Die Behörden der Republik Zypern haben ein offizielles Ersuchen an die türkisch-zyprische Seite um Auslieferung eines 29-jährigen Mannes türkischer Herkunft gerichtet, der verdächtigt wird, seinen kleinen Sohn von seiner britischen Mutter in Limassol entführt zu haben. Dies berichtet das zypriotische Informationsbüro und präzisiert, dass das Ersuchen über das bikommunale Büro beim Technischen Komitee für Kriminalität und Verbrechensbekämpfung übermittelt wurde.

Zur Erinnerung: Gegen den Verdächtigen wurde zuvor von der Polizei der Republik Zypern ein Haftbefehl erlassen. Der Vorfall, der großes öffentliches Aufsehen erregte, wird von den Strafverfolgungsbehörden weiterhin aktiv untersucht.

Parallel dazu nahm die Polizei im Rahmen des Falles einen 53-jährigen Mann fest, der mutmaßlich als Komplize an der Entführung beteiligt gewesen sein könnte. Die Festnahme erfolgte am Mittwoch gegen 22:10 Uhr in Larnaka. Das Gericht ordnete eine Untersuchungshaft von acht Tagen an.

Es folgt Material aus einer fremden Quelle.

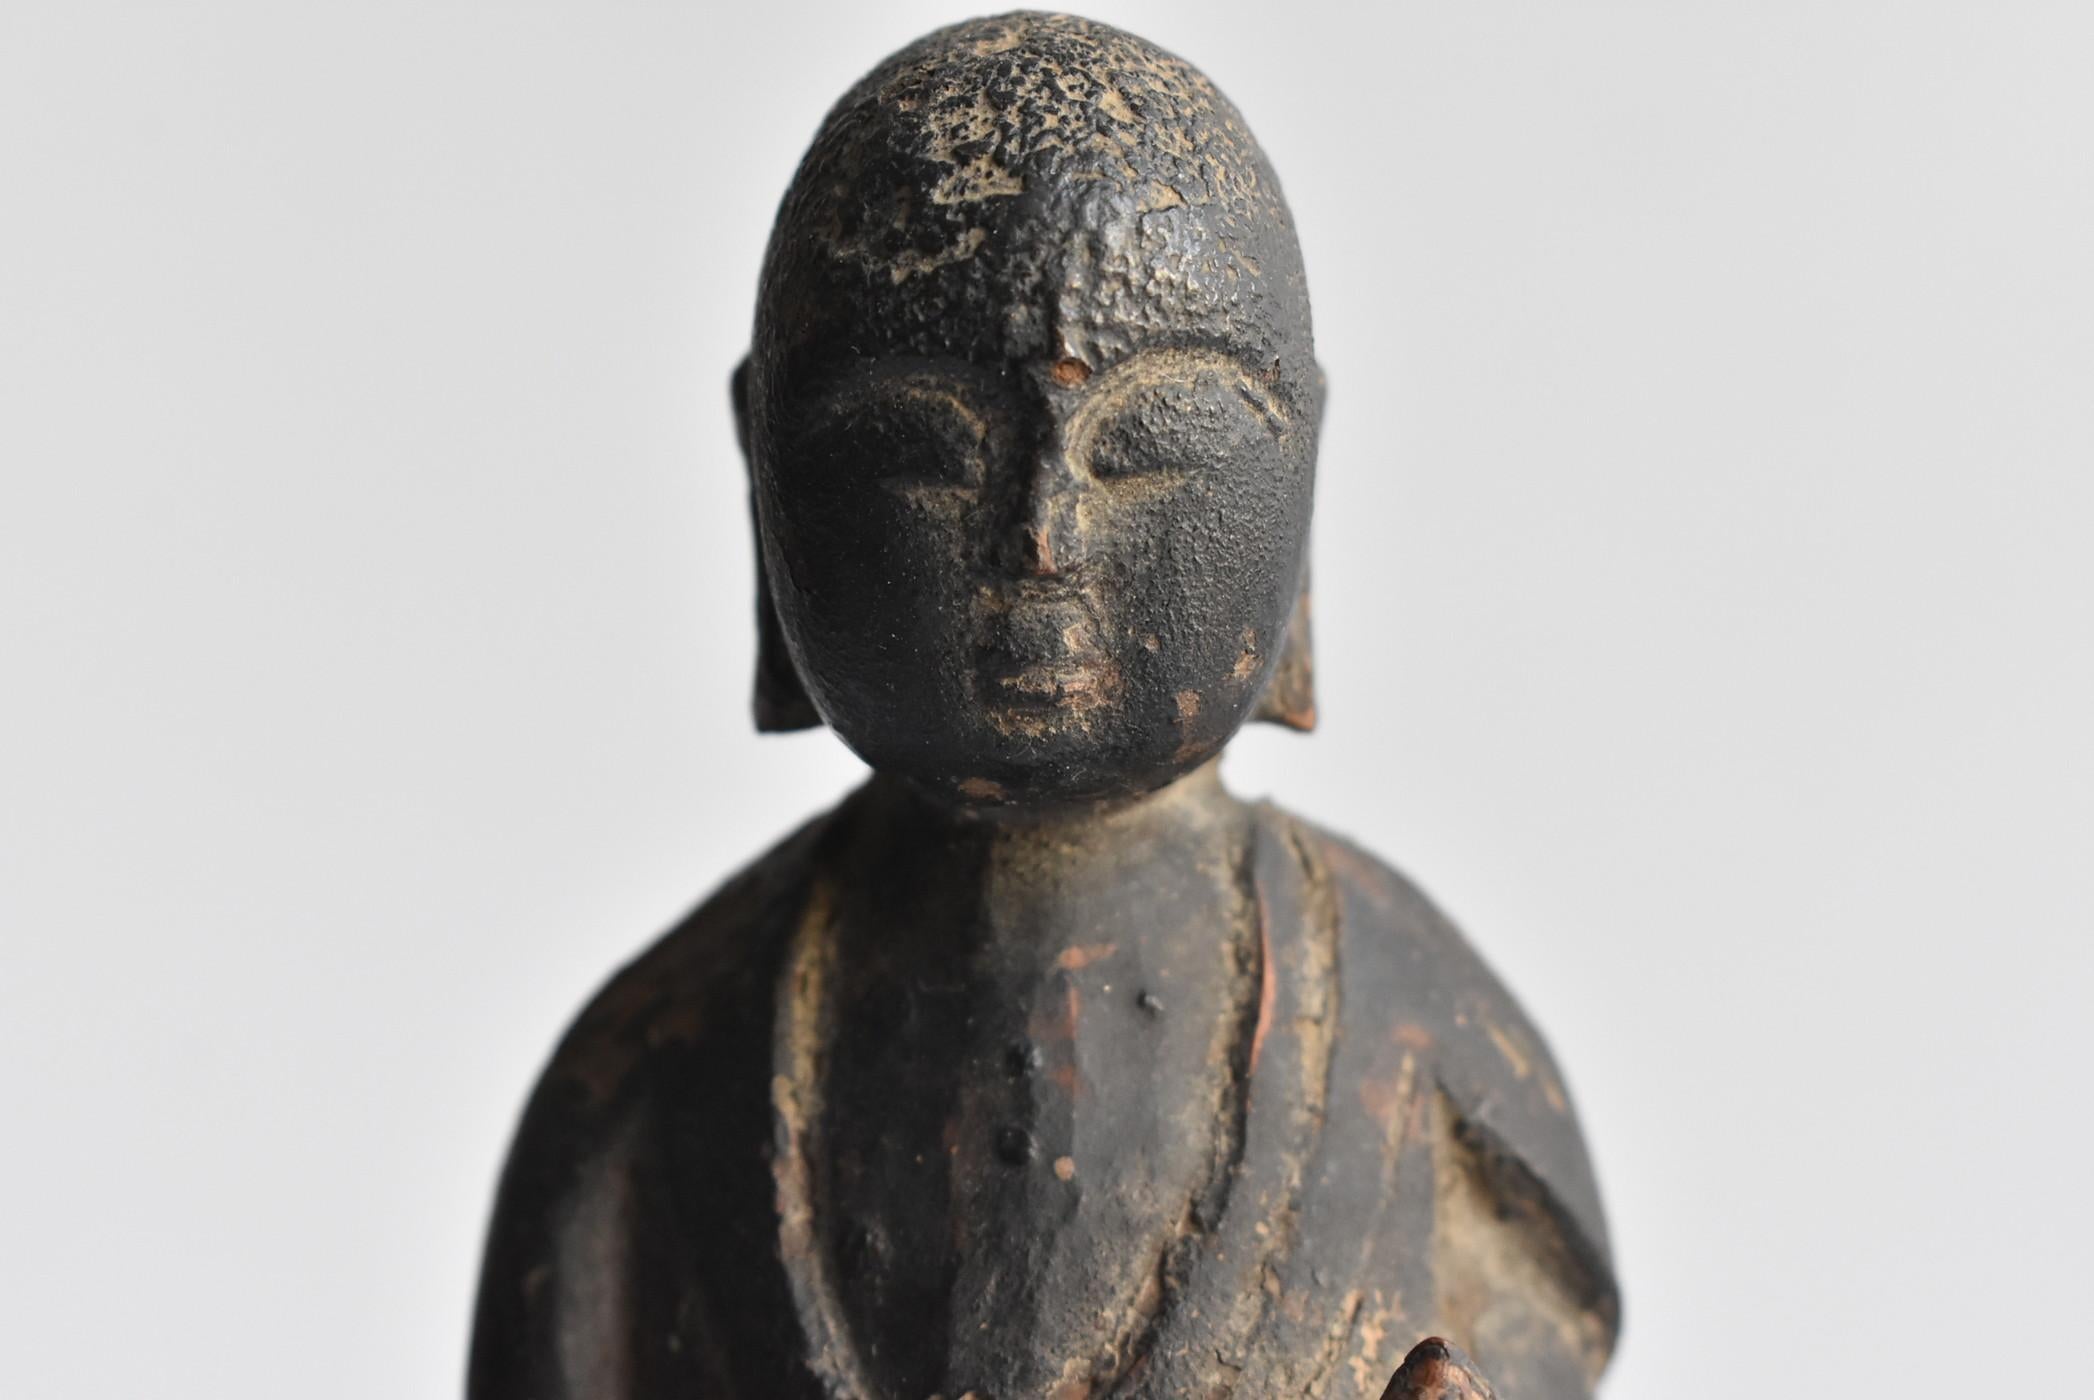 Hand-Carved Japane Wood Carving Jizo Bodhisattva Statue /Buddha Statue, circa 1400s-1600s

Die Ermittler prüfen zudem eine in den sozialen Medien veröffentlichte Videoaufnahme, auf der der 29-jährige Verdächtige zusammen mit dem Kind in einem Auto zu sehen ist. Die Aufnahme wird als wichtiges Beweismittel zur Feststellung der Reiseroute und der Umstände der Entführung betrachtet.

Nach Angaben der Polizei dauern die Ermittlungen an, und alle verfügbaren Kommunikationskanäle mit der türkisch-zyprischen Seite werden genutzt, um den Aufenthaltsort des Kindes zu ermitteln und den Hauptverdächtigen festzunehmen.